Daha önce de bu köşede yazdık.
Ak Parti adına," Eskişehir'de Belediyeler nasıl kazanılır?" sorusuna cevap bulmak için bir firma tarafından gerekli çalışma yapılmış ve bu çalışmanın sonucu da bir rapor haline getirilerek Ak parti Genel merkezine iletilmişti.
Kısaca hatırlatalım bu raporda neler yazdığını.
Birincisi: "Büyükerşen'e zarar verecek, onu zor duruma düşürecek politikalar geri teper" deniyordu raporda.
İkinci olarak: "Büyükerşen'e yönelik saldırı, arkasında gevşemeye başlamış desteği de tahkim eder" ibaresi yer alıyordu.
Üçüncüsünde ise: "Büyükerşen'i kendi kulvarında kimse geçemez, acilen kulvarı değiştirmek lazım" deniliyordu.
Dördüncü olarak: "Şehrin genel dokusu ve hassasiyetleri dikkate alınmalı. MSP-RP-FP çizgisi yerine, Merkez sağın devamı görüntüsü içinde olunmalı"
GELELİM RAPORDA Kİ EN ÖNEMLİ MADDEYE
Raporda yer alan en önemli husus da bize göre Beşinci sırada yer alan konuydu.
Aynen şu ibarelerle anlatılıyordu mesele:
-"Eskişehirlilere, şehirlerinin önemli ve kıymetli bir kent olduğu söylenmeli.
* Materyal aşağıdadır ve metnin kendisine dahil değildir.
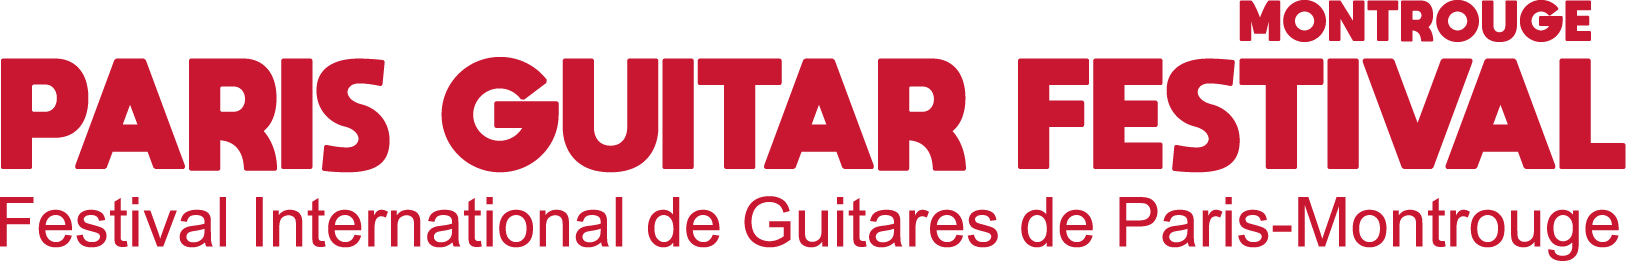 Paris Guitar Festival

Bunun farkında olunduğu kesinlikle gösterilmeli. Onlara sürekli iltifat edilmeli. Daha sonra, şehrin kıymetini arttıracak, Eskişehirlilerin şehirleriyle duydukları gururu pekiştirecek vaatlerde bulunulmalı. Somut icraatlar şehrin duygu ve hassasiyetlerine hitap etmiyorsa hiçbir mana taşımayacaktır"
PEKİ, HAZIRLANAN RAPORDA BUNLAR YAZARKEN
NELER YAPILDI?
Ak partinin "Eskişehir'de seçimi nasıl kazanırız?" araştırmasının raporları böyle söylerken Eskişehir'de neler oldu dersiniz?
Hatırlatalım o zaman.
Zamanın birinde Eskişehir'e bir Gazeteci geldi.
Söz konusu Gazeteci Ak parti iktidarına yakınlığı ile bilinen bir isimdi.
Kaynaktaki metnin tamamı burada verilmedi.